Eio 0.1 - effects-based direct-style IO for OCaml 5

I’m still not quite sure what you mean about multiple uses of run. Running two event loops in a single domain will never work (Lwt will raise an exception if you try, and Eio probably should too).

To run a new event loop in a new domain, you can spawn one using env. That ensures that the new loop will be of the same type, and so the resources from one will work in the other. e.g.

let () =
  Eio_main.run @@ fun env ->
  Eio.Domain_manager.run env#domain_mgr (fun () ->
      Eio.Flow.copy_string "Hello, from a new domain!\n" env#stdout
    )

We need to check a bit to make sure everything is thread-safe. I’m a bit nervous about sharing FDs across domains because if one domain closes an FD as another it using it, there is a possible race where it might access an unrelated FD that just got opened with the same number. However, given that the stdlib already has a much worse version of this problem even within a single domain, we can probably live with it for now!

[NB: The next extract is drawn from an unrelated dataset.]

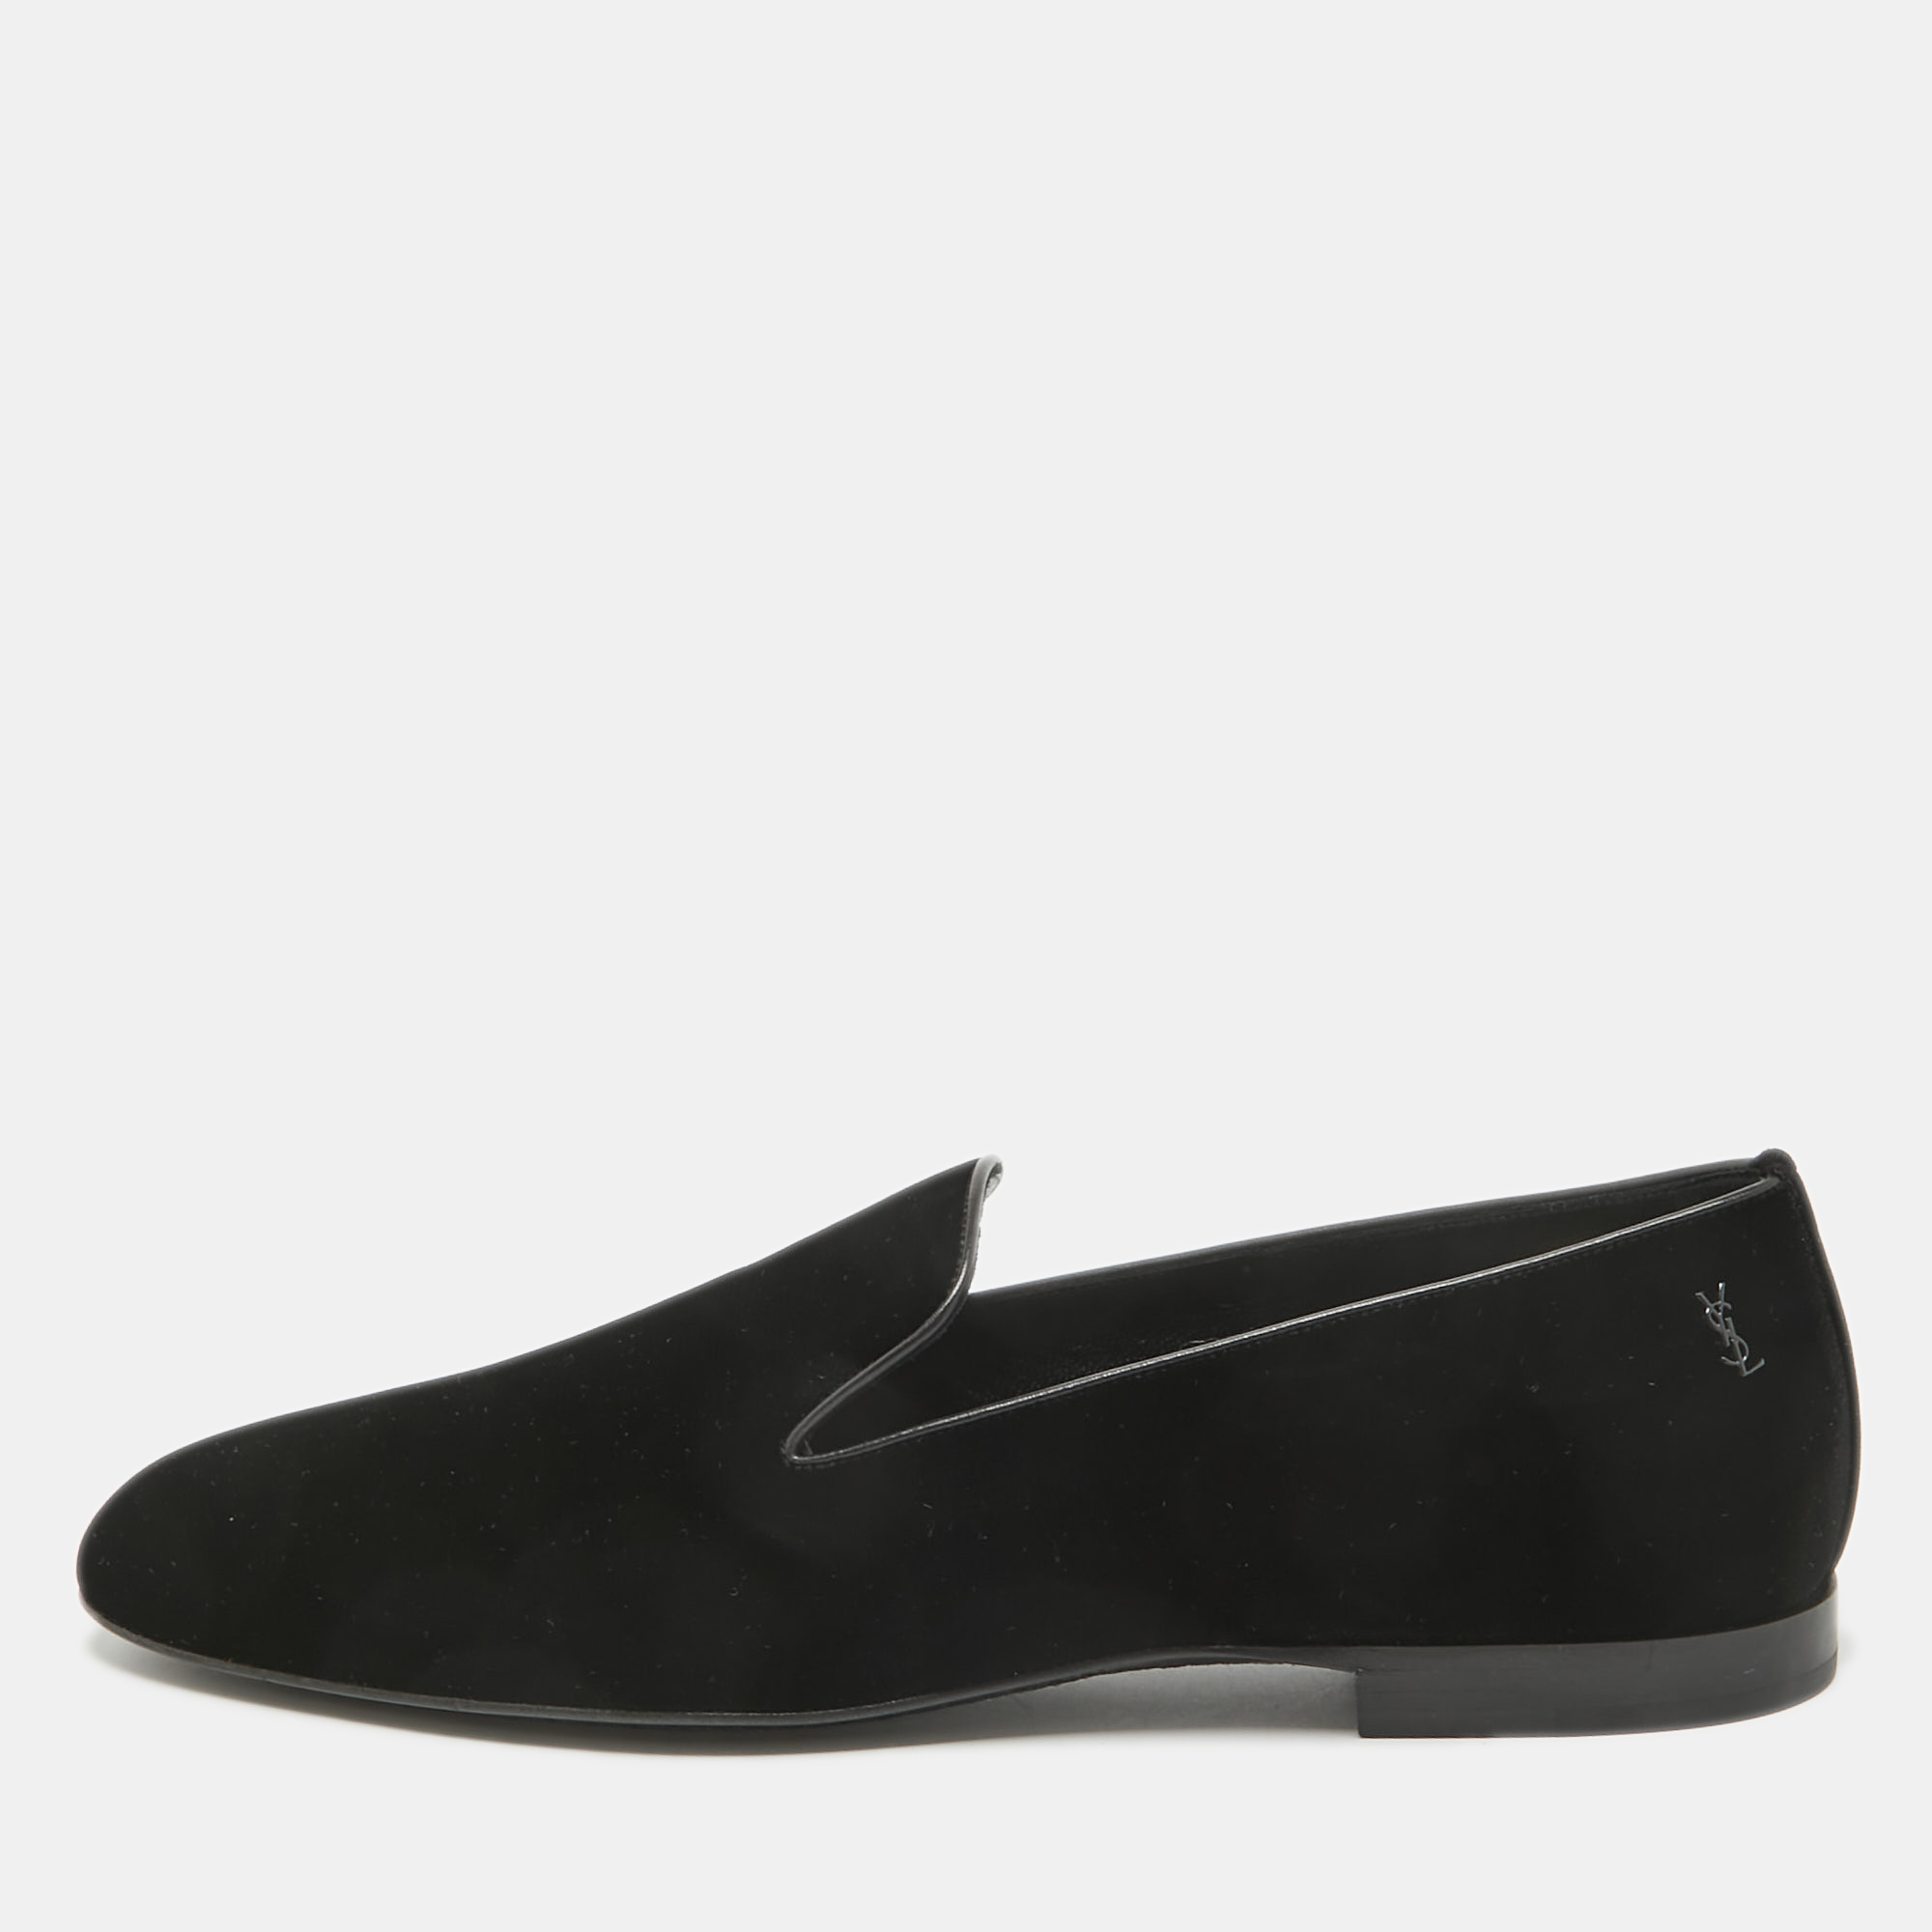 Saint laurent paris saint laurent black velvet smoking slippers size 44

[ Example of implementing directory sandboxing using nested effect handlers ]

Interesting. I suspect this won’t quite work if you try to pass a directory from one fibre to another, though, since only the original fibre will have the appropriate handler in its stack.

That’s not to say that the capability approach is a bad design though. On the contrary, I think that it might combine very nicely with some of the work we’ve been doing at Jane Street on local allocations, allowing us to have a safe effect handlers without/before having a full blown effect system in the language. I’m very interested in exploring this direction.

I remember hearing about some local allocations stuff in the Signals and Threads podcast. That would be very useful! We have several APIs where we pass a slice of a buffer to a callback, and ask users not to continue using it after the callback returns. Would be great to ensure that statically.

It still requires users to understand class syntax to read the API…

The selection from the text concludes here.